In other word, the "exception" you call out here is exactly what is happening when observing real reality, and not that fake plastic crap reality you are seeing in your head (hint, that's not reality, it's just the inside of your stupid mind).

Also, if things double in speed, or half in price, or cost half to operate than a while ago, that's a doubling effect. One is not required to claim a time frame on this effect given it's doubling or halving things periodically, which just means things get faster.

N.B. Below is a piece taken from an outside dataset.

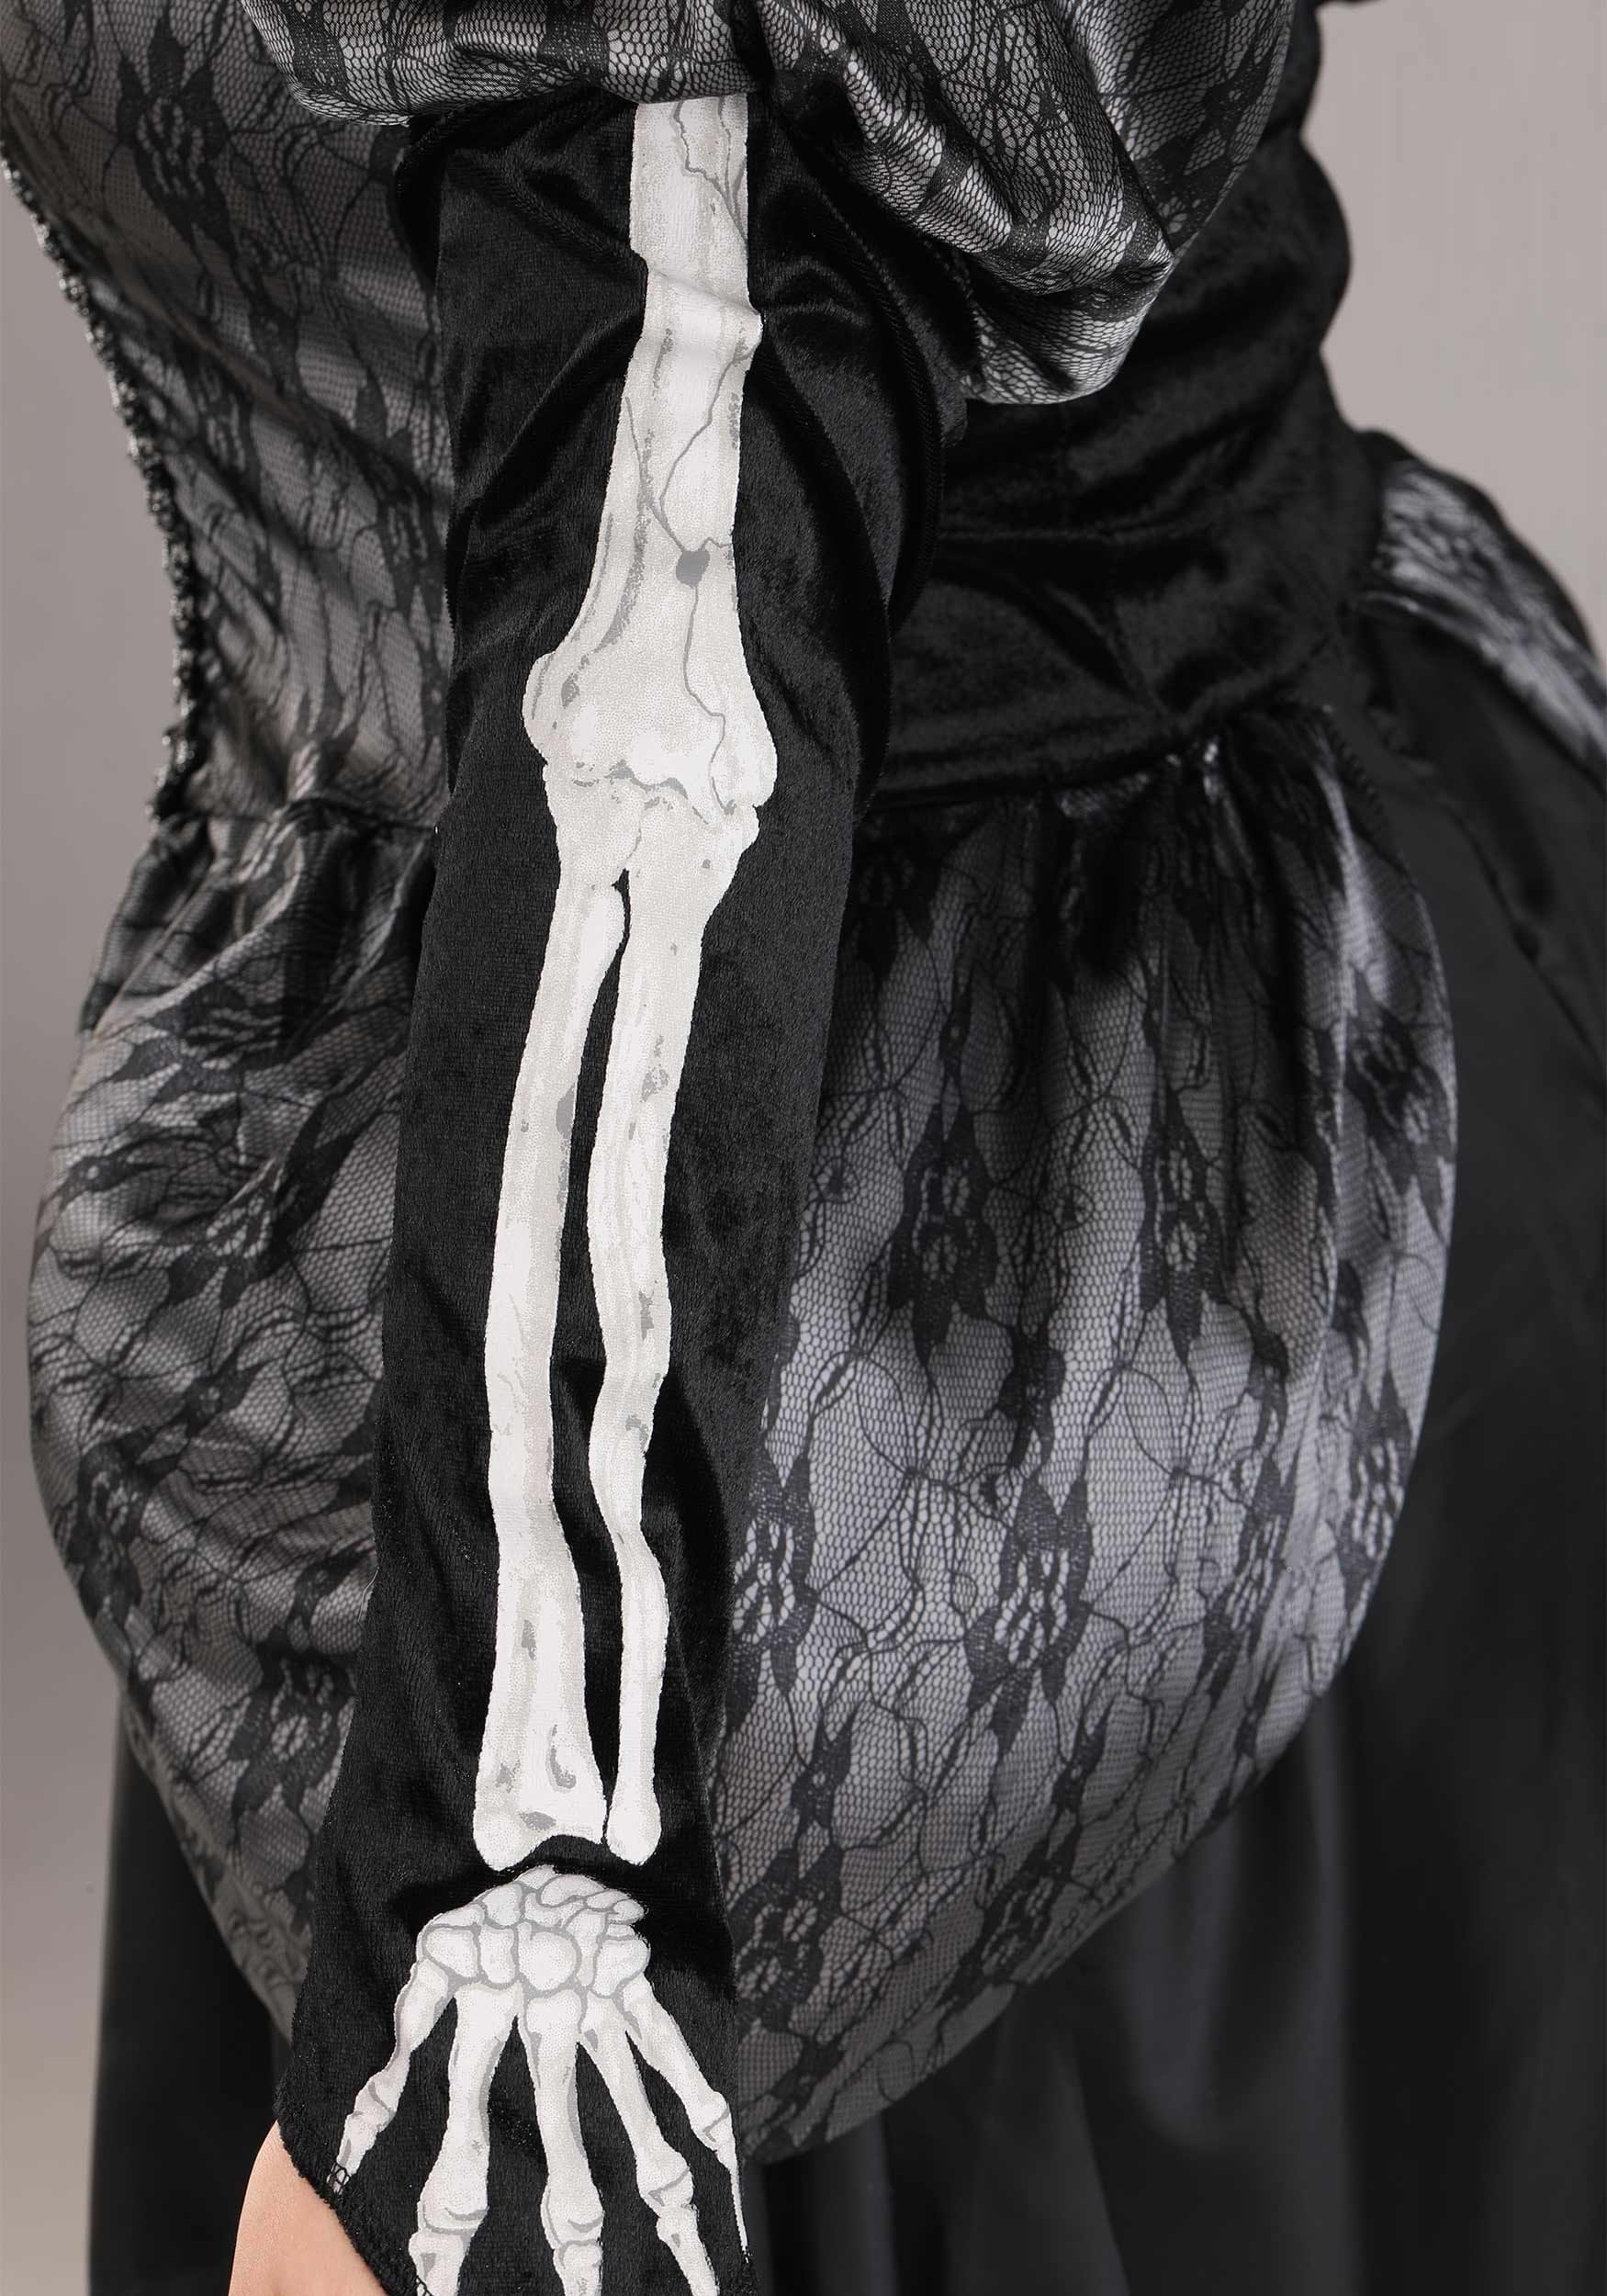 Skeleton Queen Costume For Women
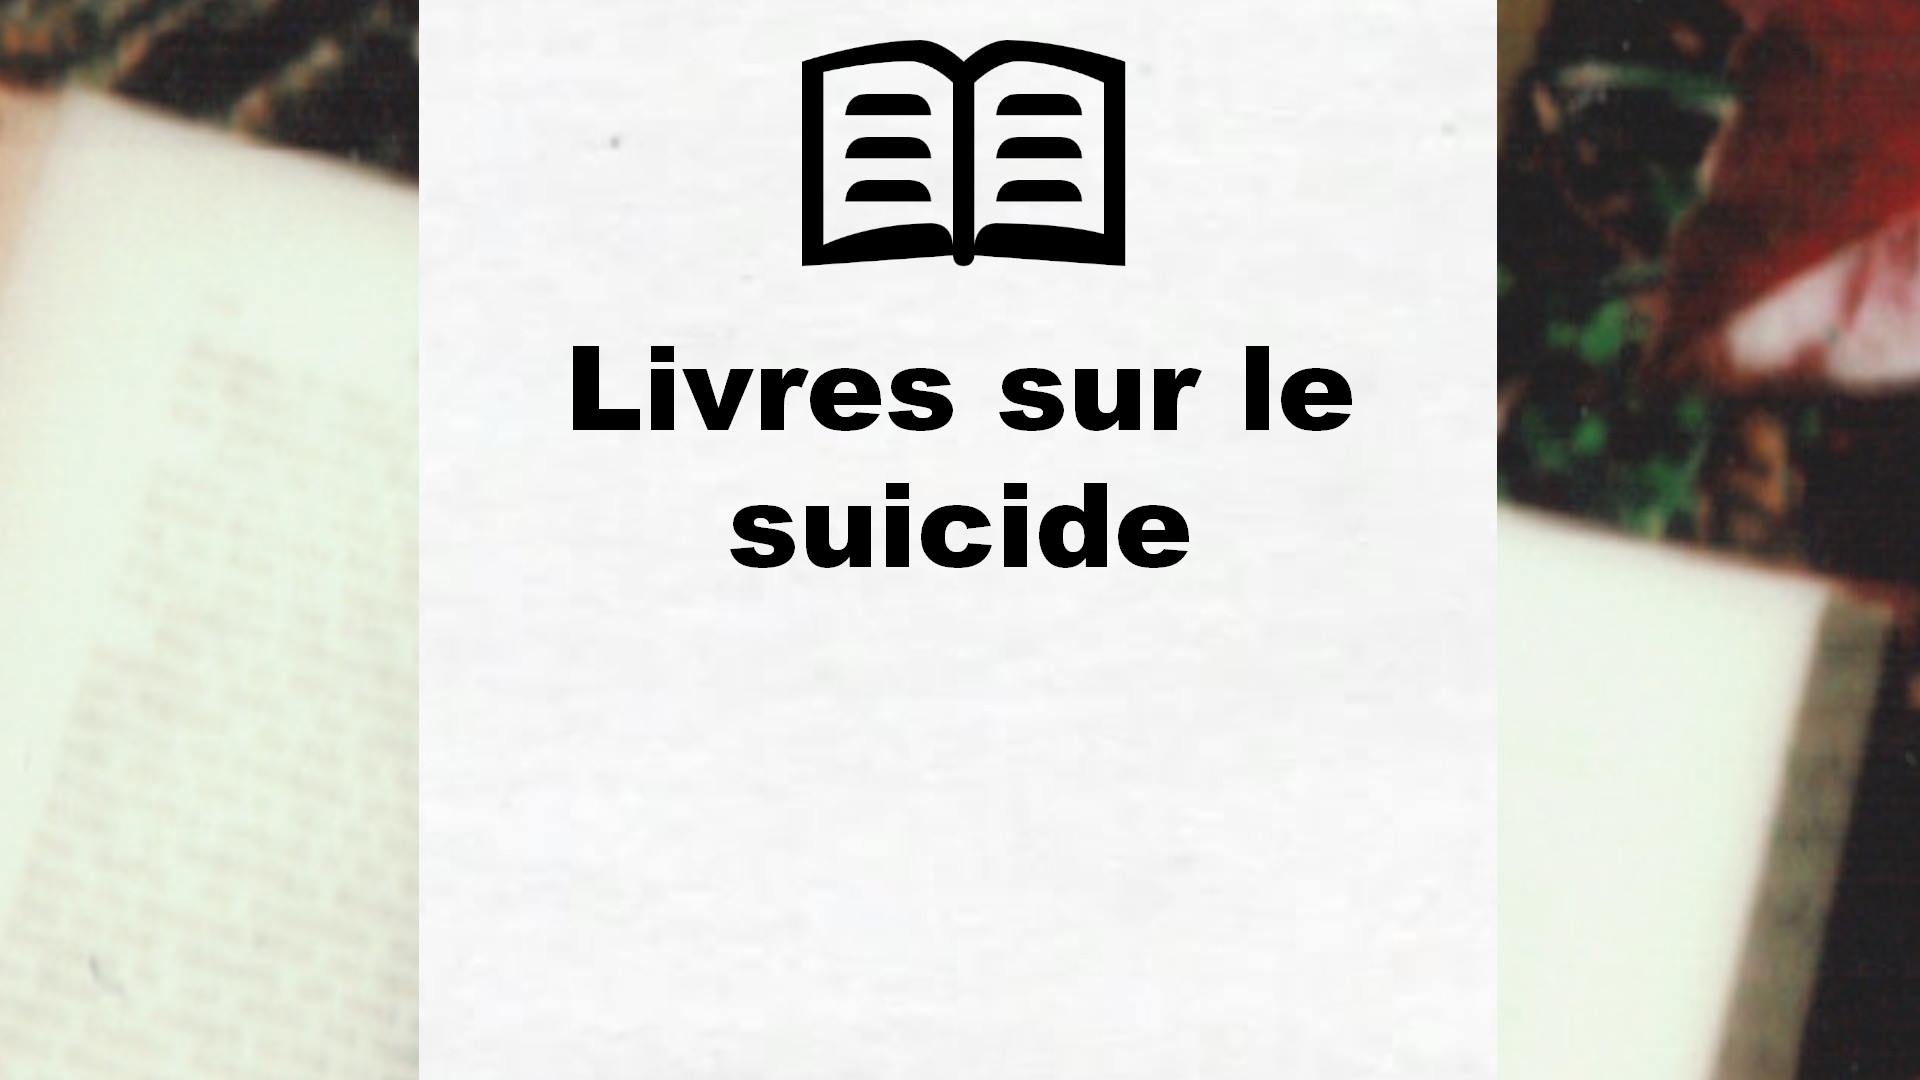 Livres sur le suicide

Anyone who tells you things won't get faster or more efficient forever doesn't get where they are. (Hint, reality.)
>>
>>197849
>That's what Moore's Law is, you idiot. It's a law that says the AMOUNT of processing doubles every so often. I
no,
moores law was just a general trend where the amount of transistors that could be fit on a chip doubled every so often, this literally cant go on forever, eventually you are going to be limited by the size of atoms.
>>
>>197849
The point is that there is a fundamental physical and economic limit that will be reached regardless, once it gets to the point that manufacturers are incentivized to make rigs optimized specifically to mine bitcoins at lower energy costs, as they are already doing. At that point it's a matter of whether the equilibrium is stable:

The positive equilibrium forces: niche market manufacturers making better mining rigs with more flops for less Watts; those manufacturers boosted by continuously better processors from science market, and lower power from consumer market; the *possible* continual inflation of bitcoin value relative to paper currencies.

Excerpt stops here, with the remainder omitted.